Pregnancy is not an illness, and chemical abortion drugs don’t provide a therapeutic benefit—they can pose serious and life-threatening complications to the mother, in addition to ending a baby’s life. The FDA never had the authority to approve these hazardous drugs and remove important safeguards. This is a significant victory for the doctors and medical associations we represent and more importantly, the health and safety of women and girls.
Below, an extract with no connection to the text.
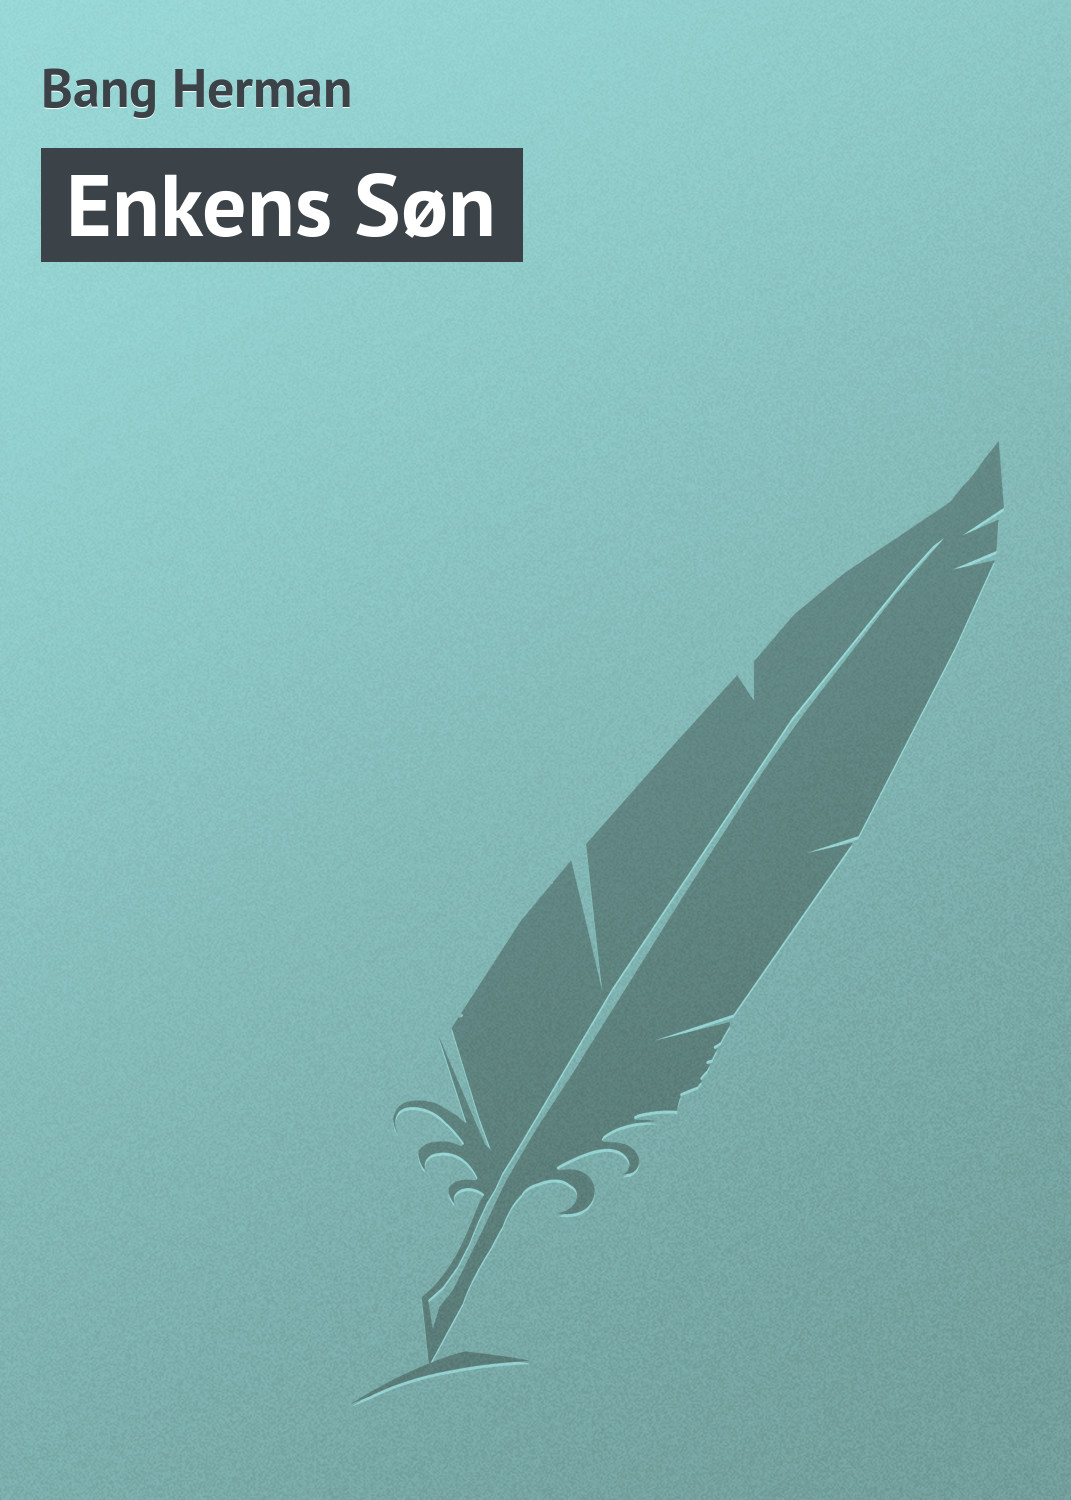 Книга Enkens Søn из серии , созданная Bang Herman, может относится к жанру Зарубежная старинная литература, Зарубежная классика. Стоимость электронной книги Enkens Søn с идентификатором 21106422 составляет 5.99 руб.

Attorney General Merrick Garland also issued a statement following the ruling, stating that the DOJ is “committed to protecting Americans’ access to legal reproductive care.” 

He said: 

The Justice Department strongly disagrees with the decision of the District Court for the Northern District of Texas in Alliance for Hippocratic Medicine v. FDA and will be appealing the court’s decision and seeking a stay pending appeal. Today’s decision overturns the FDA’s expert judgment, rendered over two decades ago, that mifepristone is safe and effective. The Department will continue to defend the FDA’s decision. Separately, the Justice Department is reviewing the decision of the District Court for the Eastern District of Washington in Washington et al. v. FDA. The Department is committed to protecting Americans’ access to legal reproductive care.

The pro-abortion Guttmacher Institute found that mifepristone is used for more than half of all abortions in the United States. In 2020, the drug accounted for 53 percent of all abortions, up from 39 percent in 2017.

The case is Alliance for Hippocratic Medicine v. U.S. Food and Drug Administration, No. 23-10362 in the U.S. Court of Appeals for the Fifth Circuit.